Portrait d'artiste : Anna Halprin, pionnière de la danse post-moderne

        Le 24 mai 2021, la chorégraphe centenaire Anna Halprin s'éteignait dans sa maison en Californie. Le lendemain, je commémorais sa mort et lui rendais hommage par la danse, en la remerciant d'être devenue un de mes modèles de vie. 

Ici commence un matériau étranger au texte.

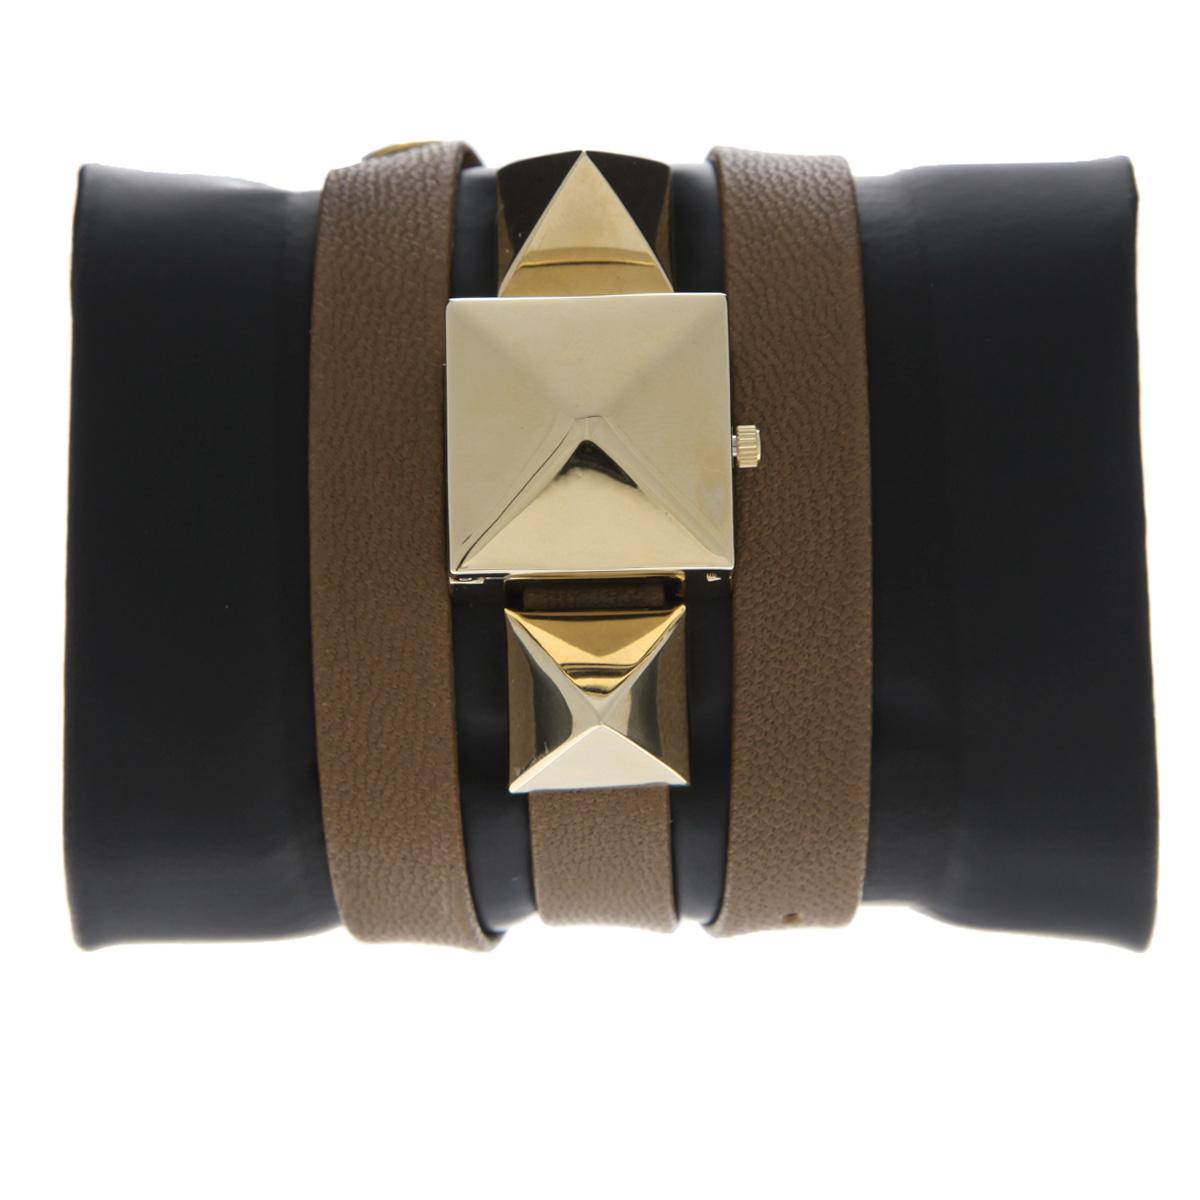 "Часы наручные женские La Mer Collections ""Pyramid Cairo Brown Gold"". LMPYRAMID001 ( LMPYRAMID001 )"

       J'ai découvert Anna Halprin quelques années plus tôt grâce à son film autobiographique Le Souffle de la Danse. J'ai été bouleversé par son travail chorégraphique, son humanité, son grain de folie, mais surtout sa vie, qui à mes yeux est la définition même du bonheur. Je souhaite partager, au moyen de cet article, la philosophie et l'histoire de cette chorégraphe post-moderne trop méconnue en France ; dont le travail chorégraphique se distingue par son innovation, son inclusivité et sa liberté. 

 

 

La danse comme mode de vie

          Anna Halprin est née en 1920 dans l'Illinois, dans une famille juive, sous le nom de Ann Schuman. Elle suit des cours de danse classique dès l'âge de 4 ou 5 ans, mais n'y trouve pas sa place. Sa mère découvre finalement la danse d'Isadora Duncan et intègre sa fille à des cours de danse libre, qui développe sa créativité. Toute petite, elle est régulièrement témoin des danses de son grand-père, très religieux, lorsqu'il priait et communiait. Selon Anna, son grand-père et ces danses rituelles l'ont accompagnée toute sa vie dans sa recherche d'une danse qui ferait sens, corps et âme, pour elle. Adolescente, elle découvre les précepteurs de la danse moderne comme Martha Graham ou Doris Humphrey. Elle entre ensuite dans la section danse de l'université du Wisconsin. En 1939, à l'âge de 19 ans, elle rencontre Lawrence Halprin, grand architecte du mouvement landscape, et se marie avec un an après. C'est le grand amour de sa vie. C'est grâce à lui qu'Anna rencontre et fréquente des artistes de la « New Bauhaus de Chicago » tels que Walter Gropius ou László Moholy-Nagy, exilée d'Allemagne depuis 1933 par les nazis. Avec eux, elle découvre la notion de pluridisciplinarité au sein d'une même œuvre, ainsi que la notion d’inclusion, qu'elle va intégrer et développer pleinement au cours de sa carrière chorégraphique. 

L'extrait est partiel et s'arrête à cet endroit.